> [Task]
Only one stretch of the listing below is wanted. Give it again exactly, from the line with "Då varor transporteras" through the line with "Bandito White Slim".

> [Available records]

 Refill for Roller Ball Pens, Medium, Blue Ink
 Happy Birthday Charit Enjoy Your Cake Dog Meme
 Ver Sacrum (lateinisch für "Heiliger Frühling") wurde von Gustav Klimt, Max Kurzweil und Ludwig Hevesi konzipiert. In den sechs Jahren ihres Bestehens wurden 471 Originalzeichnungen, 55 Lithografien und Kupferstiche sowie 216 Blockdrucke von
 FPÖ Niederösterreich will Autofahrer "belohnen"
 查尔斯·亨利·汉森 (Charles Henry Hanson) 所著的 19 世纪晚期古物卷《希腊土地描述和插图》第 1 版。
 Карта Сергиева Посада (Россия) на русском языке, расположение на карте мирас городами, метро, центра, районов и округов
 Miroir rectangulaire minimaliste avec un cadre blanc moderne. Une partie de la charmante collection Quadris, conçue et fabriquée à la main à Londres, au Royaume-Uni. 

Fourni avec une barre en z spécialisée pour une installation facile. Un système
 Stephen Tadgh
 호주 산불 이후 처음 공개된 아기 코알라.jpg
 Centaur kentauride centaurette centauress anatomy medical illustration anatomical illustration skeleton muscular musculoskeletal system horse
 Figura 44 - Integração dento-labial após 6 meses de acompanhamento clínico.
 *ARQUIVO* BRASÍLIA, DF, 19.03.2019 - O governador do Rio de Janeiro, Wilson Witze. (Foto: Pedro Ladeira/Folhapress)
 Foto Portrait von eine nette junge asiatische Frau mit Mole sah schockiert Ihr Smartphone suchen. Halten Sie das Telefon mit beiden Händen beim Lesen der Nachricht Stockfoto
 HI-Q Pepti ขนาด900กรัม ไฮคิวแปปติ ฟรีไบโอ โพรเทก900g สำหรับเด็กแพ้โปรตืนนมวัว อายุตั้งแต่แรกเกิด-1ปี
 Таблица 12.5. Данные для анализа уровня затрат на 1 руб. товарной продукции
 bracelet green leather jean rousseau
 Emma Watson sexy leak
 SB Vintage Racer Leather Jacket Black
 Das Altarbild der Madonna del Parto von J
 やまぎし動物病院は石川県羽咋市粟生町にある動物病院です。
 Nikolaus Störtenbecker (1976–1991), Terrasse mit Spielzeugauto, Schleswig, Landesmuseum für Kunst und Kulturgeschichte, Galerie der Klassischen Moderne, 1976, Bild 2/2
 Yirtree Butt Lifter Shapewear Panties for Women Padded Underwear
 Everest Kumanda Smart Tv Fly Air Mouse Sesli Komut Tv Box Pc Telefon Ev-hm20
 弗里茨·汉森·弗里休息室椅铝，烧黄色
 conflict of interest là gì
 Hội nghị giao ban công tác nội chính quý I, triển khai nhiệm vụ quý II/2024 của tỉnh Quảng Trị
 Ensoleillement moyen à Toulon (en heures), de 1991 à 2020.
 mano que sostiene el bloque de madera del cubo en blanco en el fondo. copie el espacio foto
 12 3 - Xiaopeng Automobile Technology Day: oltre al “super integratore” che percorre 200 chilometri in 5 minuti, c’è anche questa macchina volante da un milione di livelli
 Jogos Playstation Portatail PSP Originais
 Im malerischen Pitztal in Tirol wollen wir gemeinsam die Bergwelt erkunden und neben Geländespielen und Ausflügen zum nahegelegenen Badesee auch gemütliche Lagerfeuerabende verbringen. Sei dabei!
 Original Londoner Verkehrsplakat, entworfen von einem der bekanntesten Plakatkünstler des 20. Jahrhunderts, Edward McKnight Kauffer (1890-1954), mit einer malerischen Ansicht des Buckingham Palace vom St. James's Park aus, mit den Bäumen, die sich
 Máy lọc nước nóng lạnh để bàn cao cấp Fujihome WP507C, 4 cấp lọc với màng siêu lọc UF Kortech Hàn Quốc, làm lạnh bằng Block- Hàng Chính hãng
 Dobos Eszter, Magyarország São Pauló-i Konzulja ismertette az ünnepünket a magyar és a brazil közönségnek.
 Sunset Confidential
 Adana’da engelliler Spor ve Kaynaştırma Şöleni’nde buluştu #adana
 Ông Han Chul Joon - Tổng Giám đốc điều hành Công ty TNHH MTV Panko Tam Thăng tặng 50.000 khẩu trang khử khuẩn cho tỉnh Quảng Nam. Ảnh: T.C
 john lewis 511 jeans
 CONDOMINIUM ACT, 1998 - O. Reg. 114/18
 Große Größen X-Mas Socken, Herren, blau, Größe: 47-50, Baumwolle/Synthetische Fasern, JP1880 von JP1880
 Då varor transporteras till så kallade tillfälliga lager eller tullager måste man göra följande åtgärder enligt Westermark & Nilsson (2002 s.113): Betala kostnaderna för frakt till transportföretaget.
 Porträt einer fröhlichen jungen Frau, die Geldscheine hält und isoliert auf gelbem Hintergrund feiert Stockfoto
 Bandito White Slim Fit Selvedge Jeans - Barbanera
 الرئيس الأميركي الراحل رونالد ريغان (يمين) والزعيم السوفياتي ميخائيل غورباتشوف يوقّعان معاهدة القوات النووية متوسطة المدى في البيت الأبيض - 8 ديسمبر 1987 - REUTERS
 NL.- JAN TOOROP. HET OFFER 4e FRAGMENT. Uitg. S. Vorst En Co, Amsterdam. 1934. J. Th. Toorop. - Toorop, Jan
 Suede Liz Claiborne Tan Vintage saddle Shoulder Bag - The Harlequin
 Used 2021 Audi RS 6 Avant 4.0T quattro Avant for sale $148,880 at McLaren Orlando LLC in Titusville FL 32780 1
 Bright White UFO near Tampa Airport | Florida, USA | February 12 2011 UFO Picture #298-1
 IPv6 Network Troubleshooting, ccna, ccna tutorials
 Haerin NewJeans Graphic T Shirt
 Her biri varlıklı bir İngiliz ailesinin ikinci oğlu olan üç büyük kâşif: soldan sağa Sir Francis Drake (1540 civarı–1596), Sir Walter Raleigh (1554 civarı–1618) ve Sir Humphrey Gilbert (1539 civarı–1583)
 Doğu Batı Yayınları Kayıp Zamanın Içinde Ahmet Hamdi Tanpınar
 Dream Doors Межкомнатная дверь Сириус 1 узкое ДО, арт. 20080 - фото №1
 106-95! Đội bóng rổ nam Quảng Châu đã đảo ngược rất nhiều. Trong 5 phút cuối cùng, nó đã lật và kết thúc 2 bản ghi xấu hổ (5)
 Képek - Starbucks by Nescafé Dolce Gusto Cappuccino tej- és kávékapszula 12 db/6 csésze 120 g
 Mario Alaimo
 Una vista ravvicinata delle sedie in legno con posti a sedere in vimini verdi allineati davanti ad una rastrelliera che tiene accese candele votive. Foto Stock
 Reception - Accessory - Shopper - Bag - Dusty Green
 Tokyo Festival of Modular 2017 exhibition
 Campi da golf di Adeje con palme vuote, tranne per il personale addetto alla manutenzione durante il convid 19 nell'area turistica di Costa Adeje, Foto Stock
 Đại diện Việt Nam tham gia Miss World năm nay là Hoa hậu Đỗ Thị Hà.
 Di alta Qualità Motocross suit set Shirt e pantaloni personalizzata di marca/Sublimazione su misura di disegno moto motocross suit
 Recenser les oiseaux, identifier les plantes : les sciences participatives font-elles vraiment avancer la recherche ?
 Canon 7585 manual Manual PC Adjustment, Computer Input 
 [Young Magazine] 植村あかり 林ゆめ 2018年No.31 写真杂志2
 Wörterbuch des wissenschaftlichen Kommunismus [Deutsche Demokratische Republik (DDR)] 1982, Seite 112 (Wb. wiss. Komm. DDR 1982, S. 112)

> [Task result]
 Då varor transporteras till så kallade tillfälliga lager eller tullager måste man göra följande åtgärder enligt Westermark & Nilsson (2002 s.113): Betala kostnaderna för frakt till transportföretaget.
 Porträt einer fröhlichen jungen Frau, die Geldscheine hält und isoliert auf gelbem Hintergrund feiert Stockfoto
 Bandito White Slim Fit Selvedge Jeans - Barbanera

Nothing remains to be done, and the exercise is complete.